Market Views, Macro | Limited Support from Financial Markets

Market participants expect interest rates in Norway to remain elevated over the coming years. At the same time, concerns about a potential correction in equity markets have intensified. In our view, these factors represent a risk to commercial real estate pricing going forward.

Outlook for persistently high interest rates

Norges Bank’s interest rate forecast from December implies three policy rate cuts over the next three years. The central bank has also indicated that it envisages cutting rates once or twice in 2026. However, recent data on GDP growth and inflation have led market participants to believe that no rate cuts will materialise this year after all.

As things stand today, mainland Norway GDP growth has recovered to broadly normal levels, while inflation has been materially higher than expected and appears to be entrenched at around one percentage point above the inflation target. This is likely to cause Norges Bank to exercise caution when it comes to easing monetary policy.

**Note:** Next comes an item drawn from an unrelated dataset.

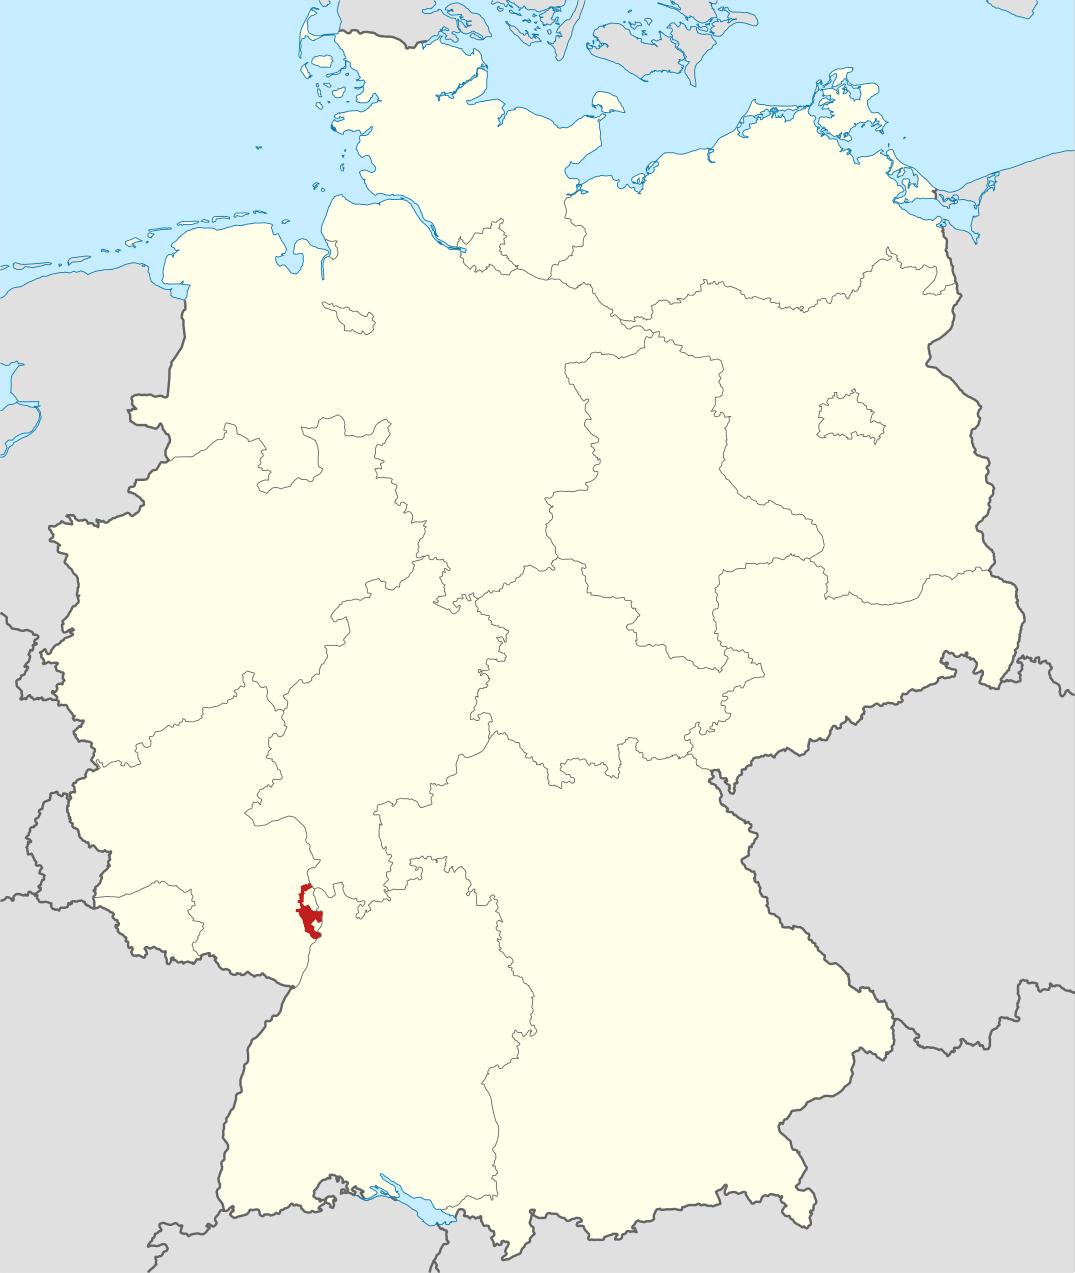 Karte Bundesländer Deutschland Blanko   My Blog innen Deutschlandkarte Bundesländer Blanko

NIBOR is currently at 4.2 per cent, while the policy rate stands at 4.0 per cent. Pricing in the FRA market suggests that only one rate cut is expected from the central bank over the next three years, implying a decline in NIBOR to around 3.9 per cent.

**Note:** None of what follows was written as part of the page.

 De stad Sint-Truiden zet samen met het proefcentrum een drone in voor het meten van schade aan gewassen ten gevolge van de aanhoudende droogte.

Under normal conditions, long-term interest rates exceed short-term rates. At present, the 10-year government bond yield stands at 4.15 per cent, broadly in line with NIBOR. Consensus expectations indicate that the 10-year government bond yield will decline only marginally, to around 4.0 per cent, over the next two years. Swap rates typically track government bond yields with a modest spread.

Overall, market participants do not expect interest rates to fall materially from current levels. Based on Norges Bank’s assessment of what constitutes a neutral interest rate for the Norwegian economy, current levels are also relatively close. According to the central bank, a normal NIBOR rate lies in the range of 2.5–3.75 per cent.

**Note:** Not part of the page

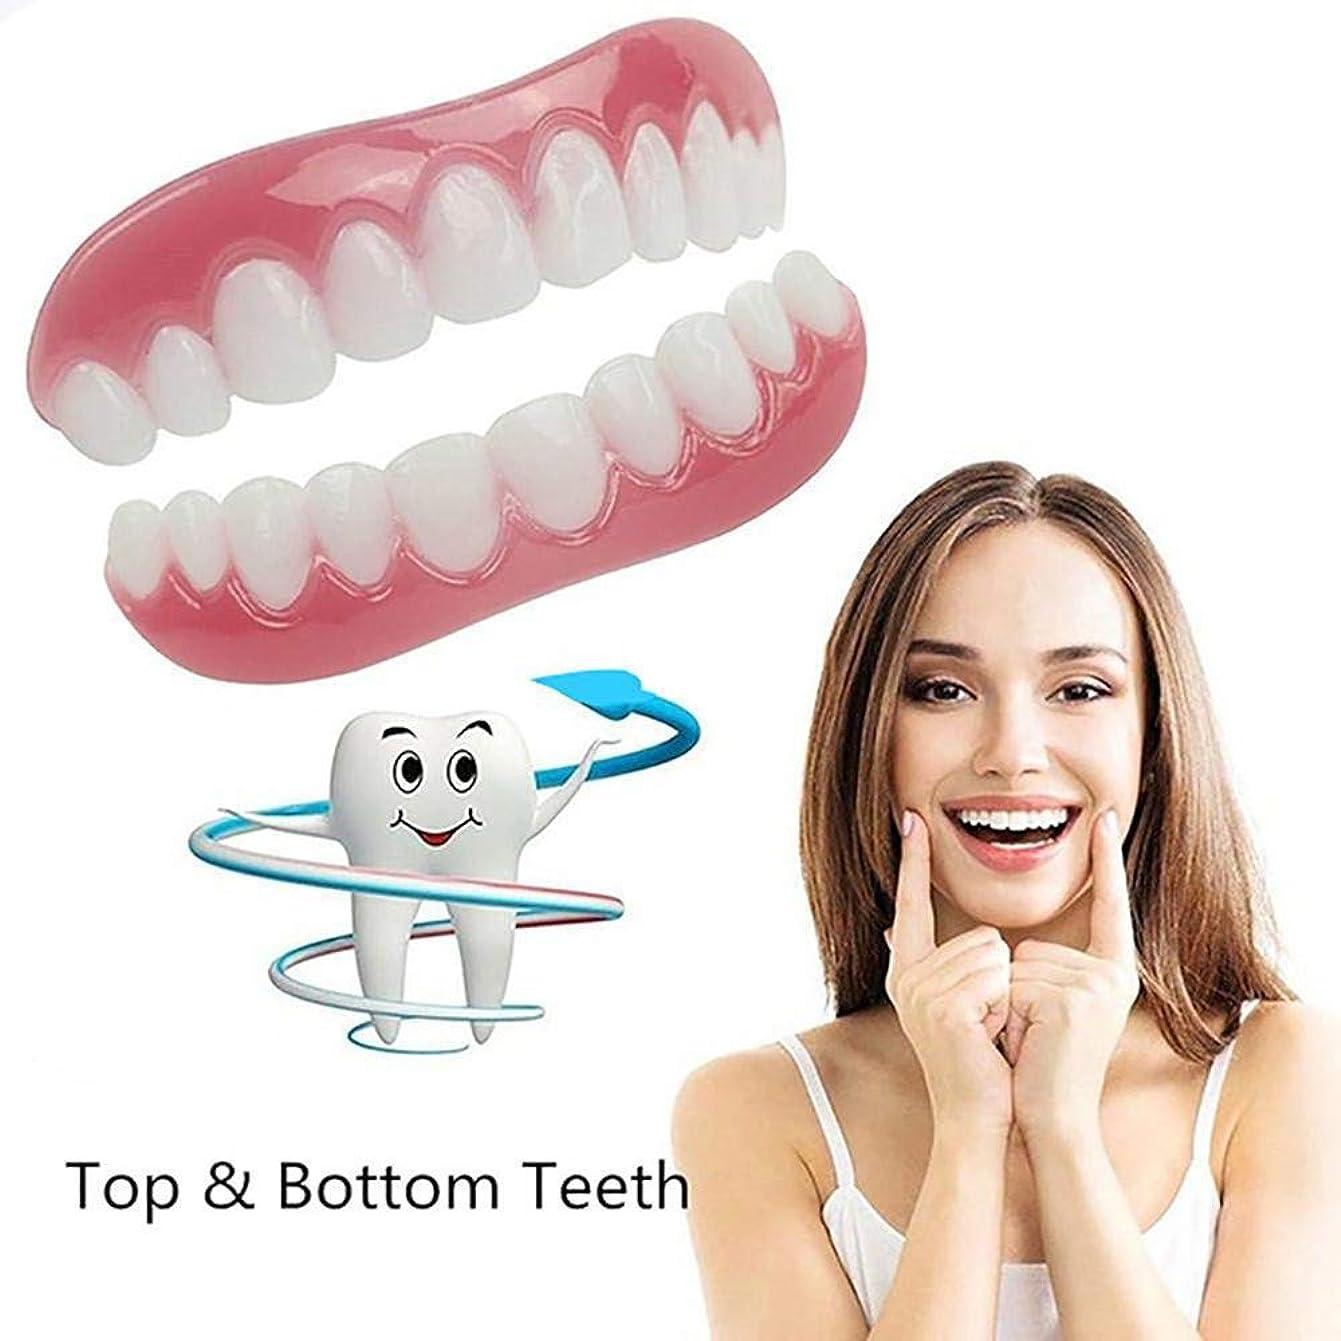 虹仮説丈夫歯ブレース化粧品ホワイトニング偽の歯模擬義歯上と下悪い変身自信を持って笑顔ボックスと上下の歯セット,8Pairs

Elevated equity market valuations

Despite persistently high interest rates in both Norway and the United States, equity markets have performed strongly over the past three years, particularly in the US. In Norway, equity market gains have been supported by strong results in the energy sector and a weaker Norwegian krone. In the US, the pronounced increase in valuations has primarily been driven by the technology sector and developments related to artificial intelligence.

Valuations in the US equity market have become increasingly stretched. Measured as share prices relative to average earnings over the past ten years for S&P 500 companies, this metric has not been higher since just prior to the bursting of the dot-com bubble in the early 2000s. As a result, there is growing concern in the market that the AI bubble could burst, triggering a broader equity market correction.

Implications for commercial real estate

Many Norwegian investors, including life insurance companies and pension funds, have significant exposure to the US equity market. Several of these investors are also major participants in the real estate market. Over the past two years, we have observed that an unusually high share of prime yield transactions in the commercial property market have had life insurance companies and pension funds on the buy side. One of the key drivers has been the strong performance of equity markets, which has prompted these investors to increase their allocation to real estate for portfolio rebalancing purposes. Should equity markets experience a correction going forward, this consideration would work in the opposite direction.

Life insurance companies and pension funds, which typically invest with a high proportion of equity, have also contributed to compressing property yields despite the elevated interest rate environment. This has led to a breakdown in the historically strong correlation between property yields and long-term interest rates. Based on the relationship with interest rates over the past 20 years, commercial property yields are currently unusually low.

In our view, the prospect of persistently high interest rates, combined with stretched equity market valuations, represents a risk to pricing in the commercial real estate market in the period ahead.